The Hamiltonian in equation (21) describes a particle of mass $(2\chi)^{-1}$ moving on a ring and subject to a periodic potential, as depicted in figure 4(a). The spectrum of the continuum theory (21) can be numerically computed by exploiting the periodicity of ${\hat{\varphi}}$ and solving the eigenvalue problem in Fourier space, thus yielding the result shown in figure 4(b) for $\lambda^{^{\prime}} = 0$. Depending on the ratio ${\Omega}^{^{\prime}}/\chi$, the low-energy physics of this model ranges from the free particle regime (${\Omega}^{^{\prime}} \ll \chi$) to the harmonic oscillator regime (${\Omega}^{^{\prime}} \gg \chi$).

Figure 4.

Figure 4. Large spin limit for a single Rydberg atom. (a) Potential landscape of the continuum theory with ponderomotive coupling $\lambda^{^{\prime}} = 0$ (solid line) and $\lambda^{^{\prime}} = 10\chi$ (dashed line).
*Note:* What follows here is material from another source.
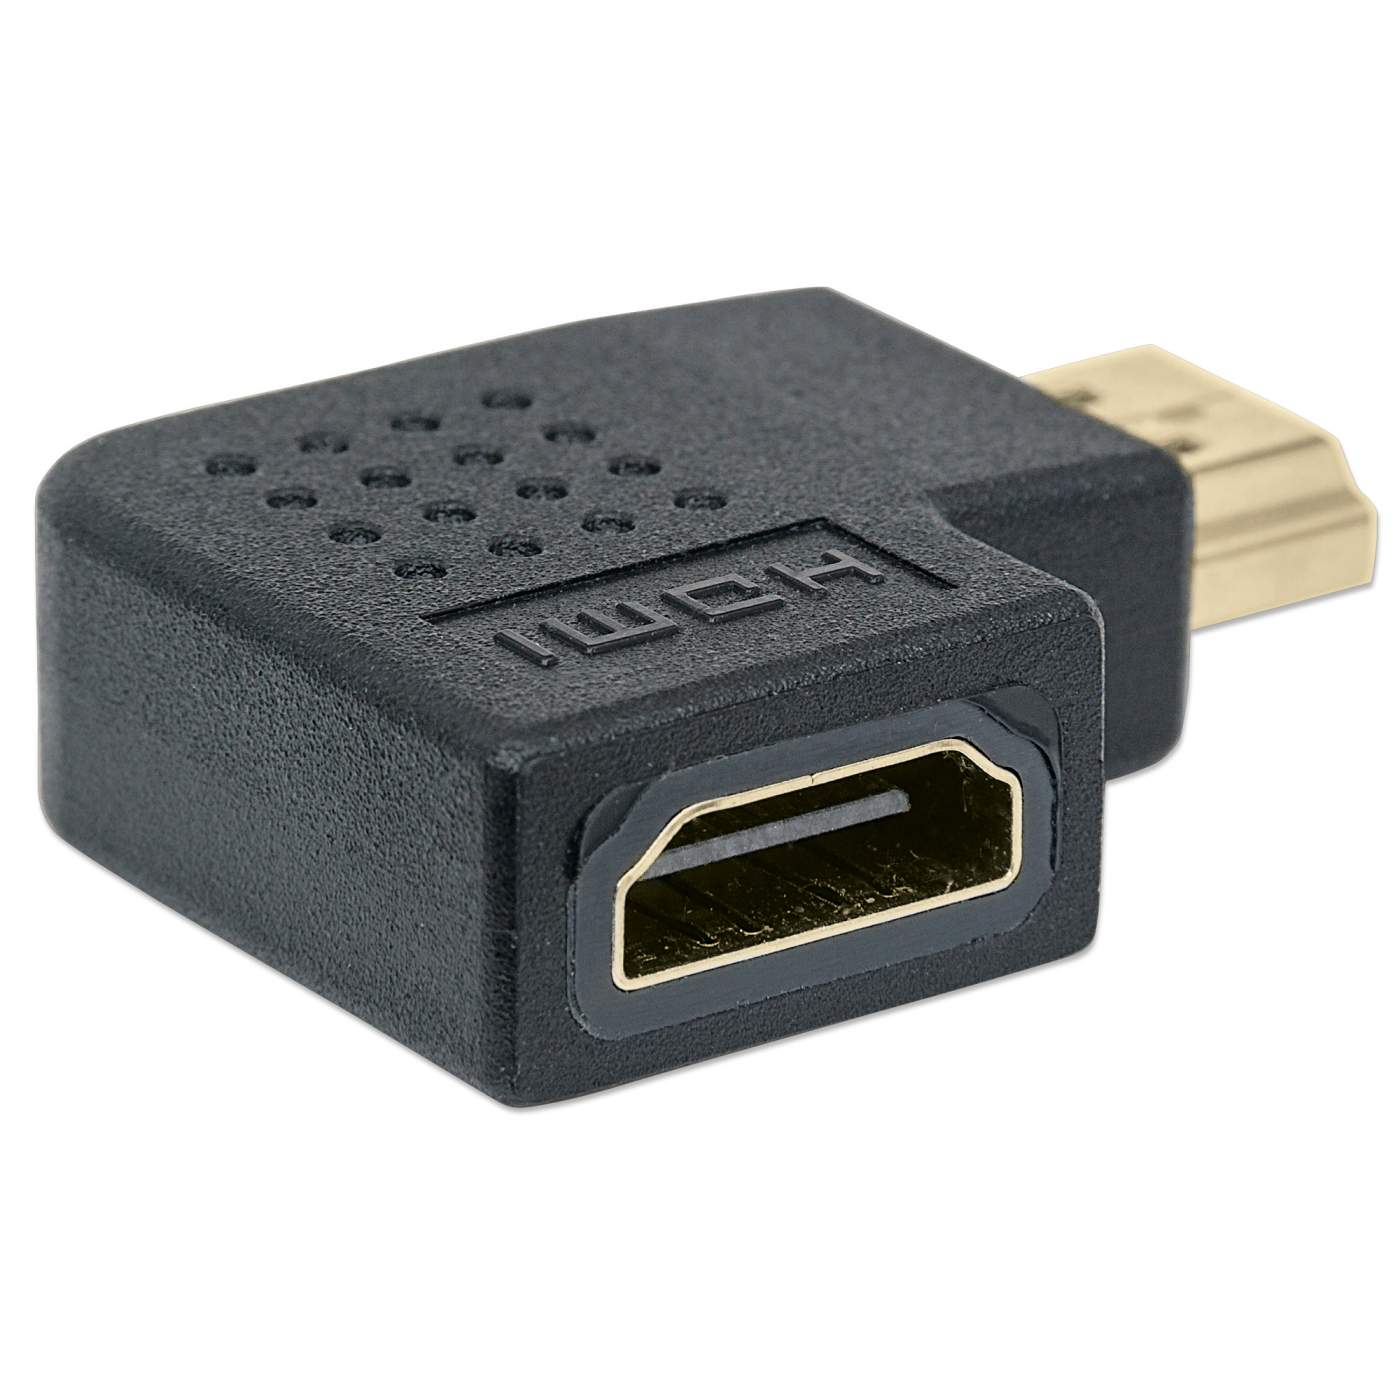 Ugreen cable adapter cable HDMI adapter - micro HDMI 19 pin 20cm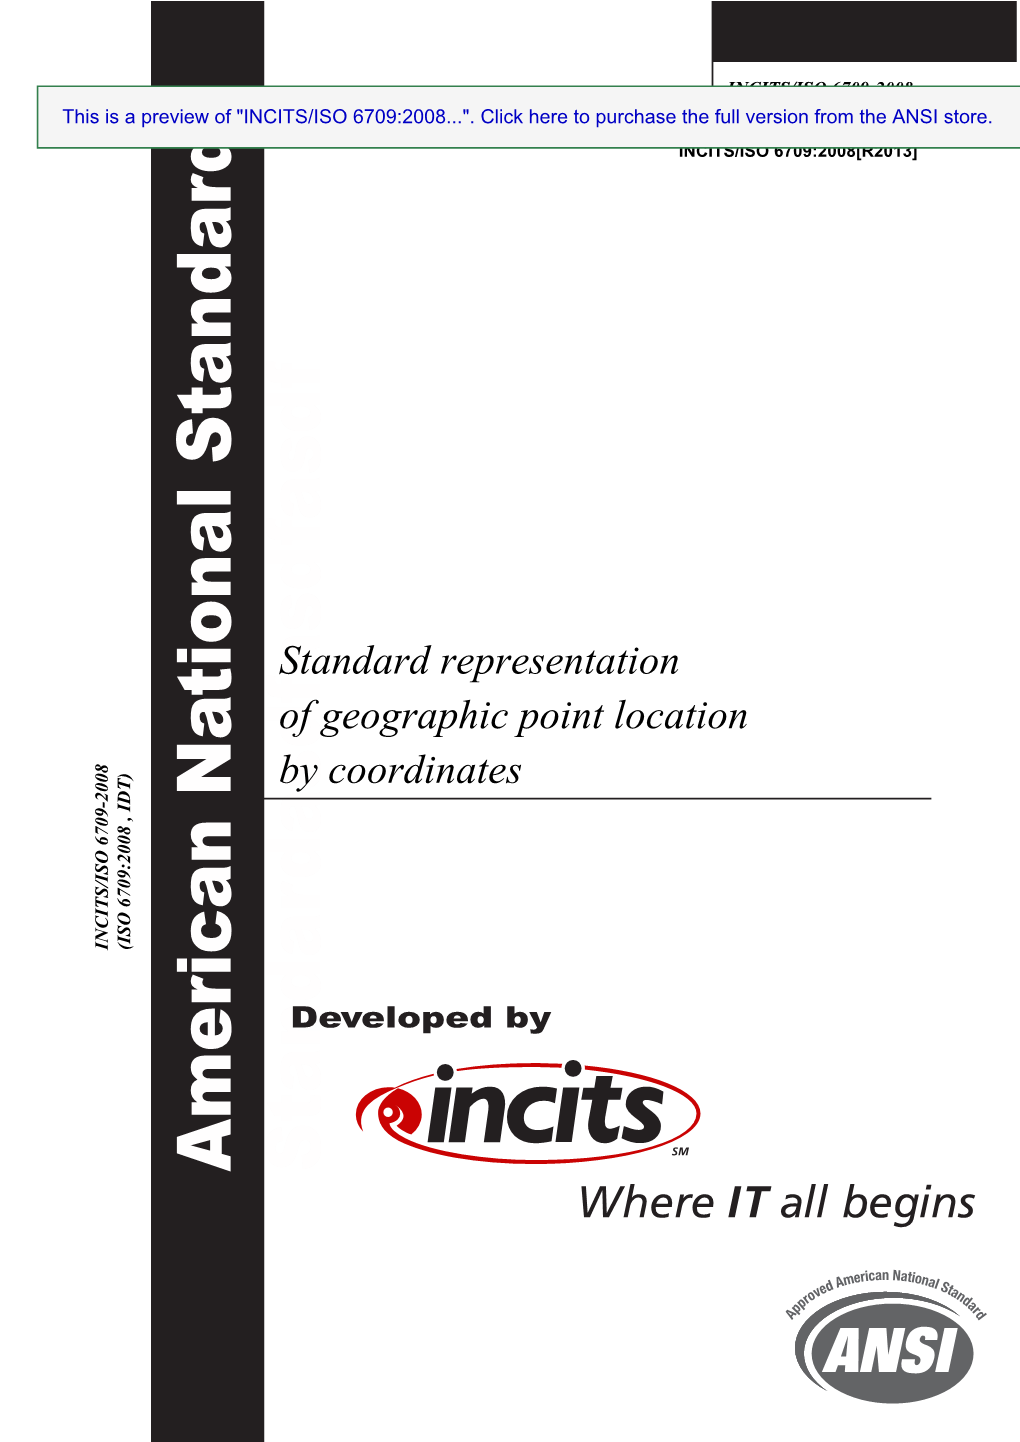 Standard Representation of Geographic Point Location by Coordinates

The horizontal line marks the ground state energy for $\lambda^{^{\prime}} = 0$ and ${\Omega}^{^{\prime}} = 50\chi$ in the limit $J\rightarrow\infty$. In the inset, the corresponding wavefunction is shown in momentum space. (b) Continuum theory energy spectrum for $\lambda^{^{\prime}} = 0$. The vertical dashed line indicates the value ${\Omega}^{^{\prime}} = 50\chi$ used in the rest of the figure. (c) Spectrum of the single-particle Rydberg Hamiltonian (solid lines) compared with the exact continuum theory spectrum (dashed lines) as J increases. (d) Spectrum comparison as in (c) for J = 50 as a function of the ponderomotive coupling $\lambda^{^{\prime}}/\chi$ for κ = 4.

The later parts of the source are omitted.